Another important consideration with St. John's wort
is the potential for drug-drug interactions (372–374).
St. John's wort appears to induce the metabolism of drugs
via CYP 3A4, reducing the efficacy of medications, including antiretroviral
medications, immunosuppressants (including cyclosporine), antineoplastic
agents, anticoagulants (including warfarin), oral contraceptives,
and hormone replacement therapy (373, 374).
Unwanted pregnancies have been reported with concomitant St. John's
wort and oral contraceptive use (373, 375, 376),
and rejection of transplanted organs has been observed when St.
John's wort is taken concurrently with cyclosporin (374).
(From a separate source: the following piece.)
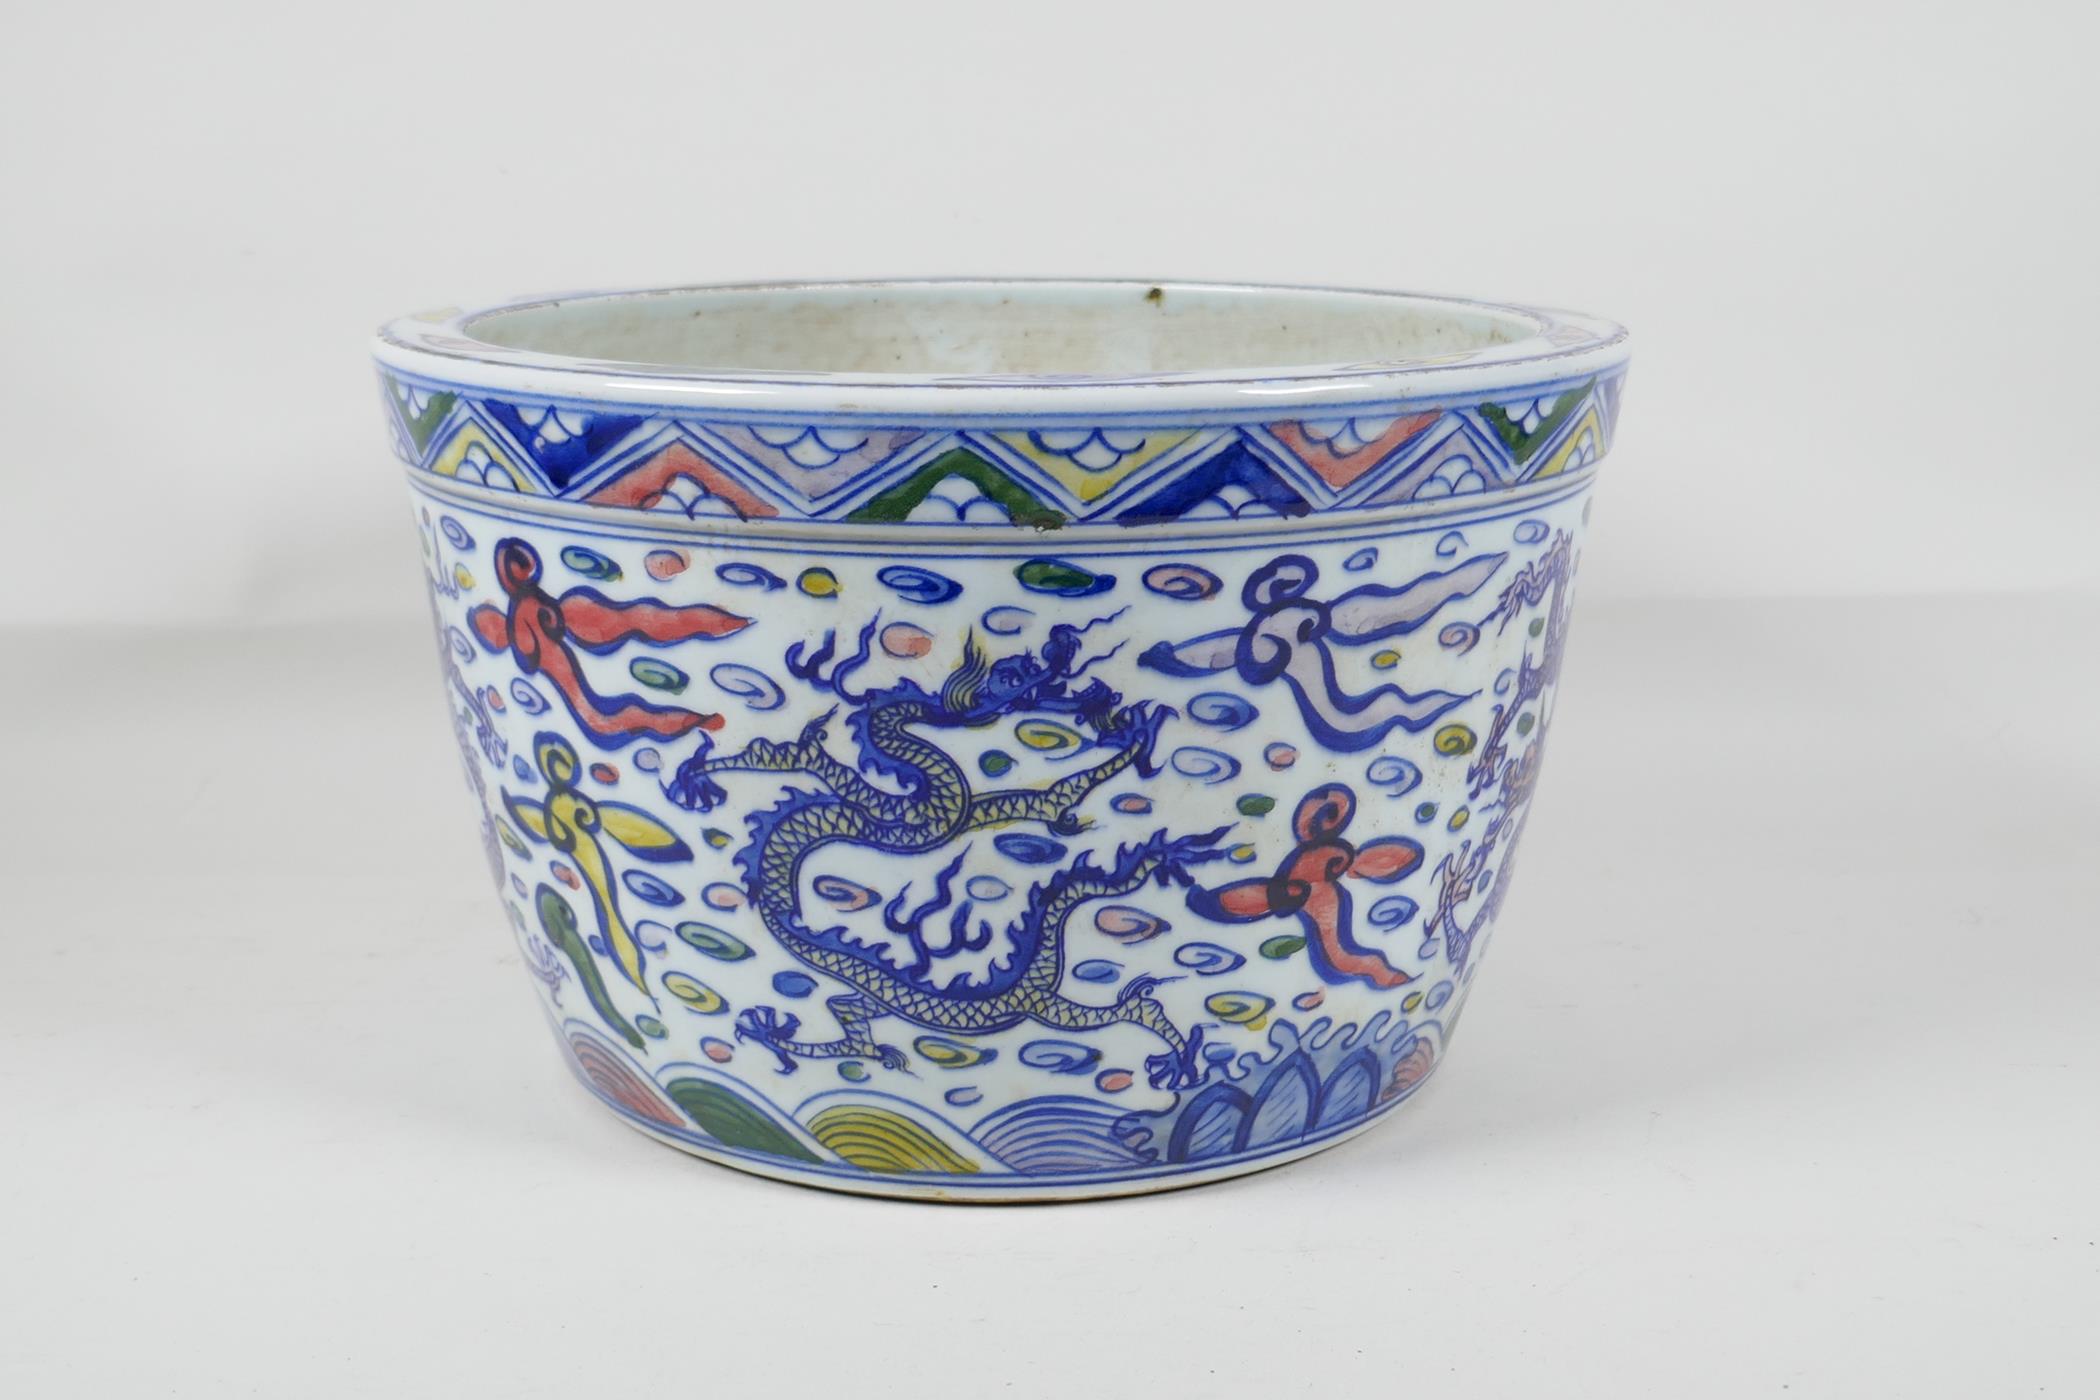 A Chinese Wucai style porcelain jardinere, decorated with dragons & the flaming pearl, 6 character - Image 3 of 7

The significant decreases in antiretroviral medication levels with
concomitant St. John's wort use suggest that these medications
will be less effective in treating HIV infection (374). Effects
of St. John's wort on P-glycoprotein have also been observed,
altering the pharmacokinetics and pharmacodynamics of medications such
as digoxin that are transported by this route (374).
Apart from affecting blood levels of nonpsychiatric medications, the
safety and efficacy of the combined use of St. John's wort with
other antidepressant medications is not known. The combined use
of St. John's wort with MAOIs is contraindicated.
S-adenosyl methionine is
a naturally occurring molecule. In humans, it is concentrated in
the liver and the brain and serves as a methyl donor in the synthesis
of biologically active compounds such as phospholipids, catecholamines,
and the neurotransmitters dopamine and serotonin (377).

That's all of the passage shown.